Identify the weakest link

Success for a global organisation depends on how effectively it can orchestrate its supply chain network. A successful digital transformation addresses its partner value chain, including all the processes and information flows between those different partners. Digital transformation of an extended value chain is only as robust as the transformation of its weakest link.

Organisations need to take a holistic view of the ecosystem of partners, from raw material providers, manufacturing partners and suppliers, logistics and transportation providers, to retail and distribution channels. What happens between the individual parts of the network is just as, if not more important than, what happens inside each one. What happens between the parties is data access, data sharing, collaboration and network-wide analytics.

Eighty per cent of the data that a company needs to orchestrate its supply chain successfully comes from across its partner networks – outside the four walls of its business. Like any successful partnership, a key ingredient for success and continuity is trust in the information that is shared and exchanged. Relationships with external partners need complete, accurate and timely data. Without data, companies can’t have true insight and visibility, which can lead to missed opportunities. Organisations will be successful if they are able to collaborate in this way, with their network of partners working from the same supply chain information, which must be accessible and true.

A recent global study by Capgemini Consulting and GT Nexus explores the current and future state of digital supply chain transformation and reveals some interesting findings and expectations with respect to data accessibility. The study surveyed 337 executives from some of the largest global manufacturing and retail organisations in more than twenty countries around the world – largely from Europe and North America.

The key findings include:

l Today only 15 per cent of respondents say the majority of data from the extended supply chain is accessible to their organisation. In five years, expectations rise to 54 per cent.

l Today only 23 per cent of respondents say the majority of data from the extended supply chain is analysed and used for decision-making. In five years, expectations rise to 68 per cent.

l Five years from now, 95 per cent of respondents expect more processes with suppliers to be automated.

l Five years from now, 94 per cent expect to receive more real-time status updates from across the supply chain.

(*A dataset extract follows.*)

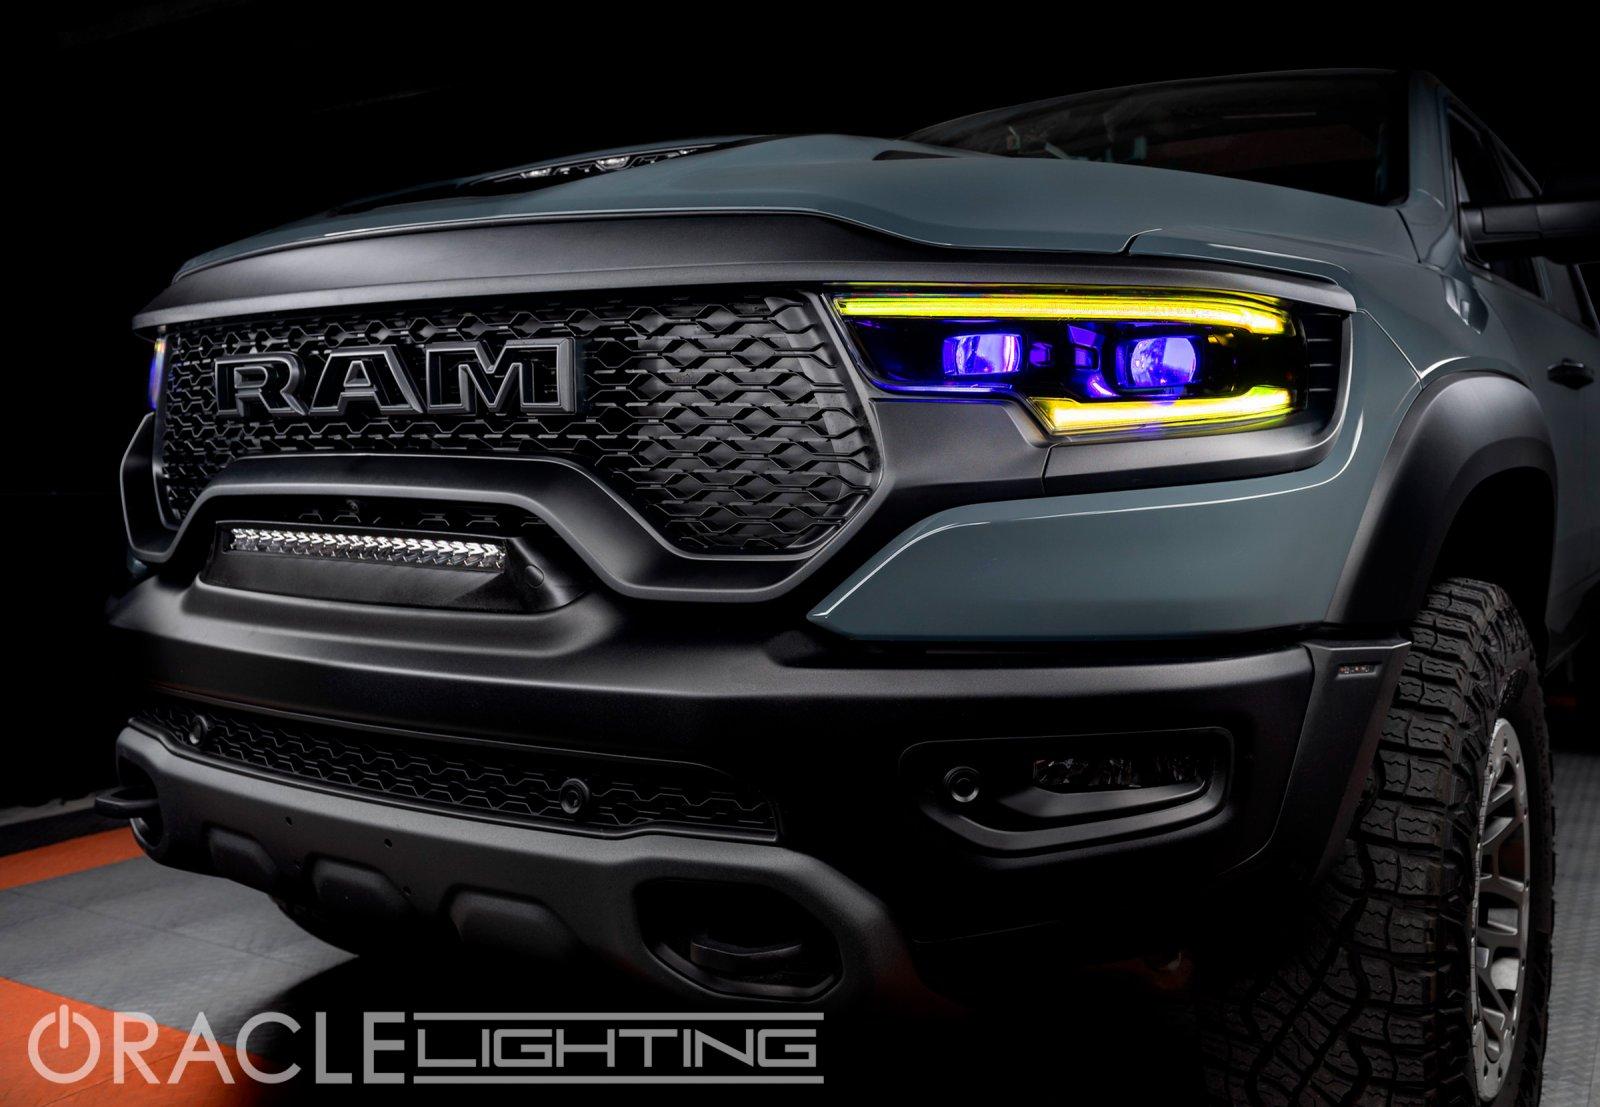 oracle_lighting_ram_trx_colorshift_headlights-2.jpg

The study reveals a large gap between where organisations see themselves today on their joint digital supply chain transformation journey with their extended value chain partners and where they want to be in five years. In fact, 75 per cent of respondents say digital transformation of the supply chain is important, but a big gap exists between where companies are today and where they expect to be in just five years from now. Transformation initiatives within the enterprise pose significant challenges in themselves.

An organisation’s value chain can include hundreds of partners. For this reason, connectivity between partners, cross-company access to data, and the use of network-wide analytics become the key focus areas.

Technology is going to play a big part in how successful organisations can digitally transform. Respondents from the research project identified supply chain visibility platforms/tools, big data analytics, simulation tools and cloud as the biggest technology enablers of digital supply chain transformation. What is common to all these technologies is the use of information to provide insight into business decisions. Supply chain visibility provides real-time awareness of business processes. Big data analytics turns raw information into actionable insights, and the cloud is a technology paradigm that tears down barriers by creating universal accessibility to data.

Successful digital transformation for organisations that have started their journey can perhaps be envisioned in five years or more. That is a future where data flows freely between all parts of the supply chain and where data will be used to make stronger business decisions. The information exchange and connection between manufacturers, retailers and their suppliers will be far more collaborative and strategic than ever before. For those that are yet to start their journey, it’s going to be a real sprint.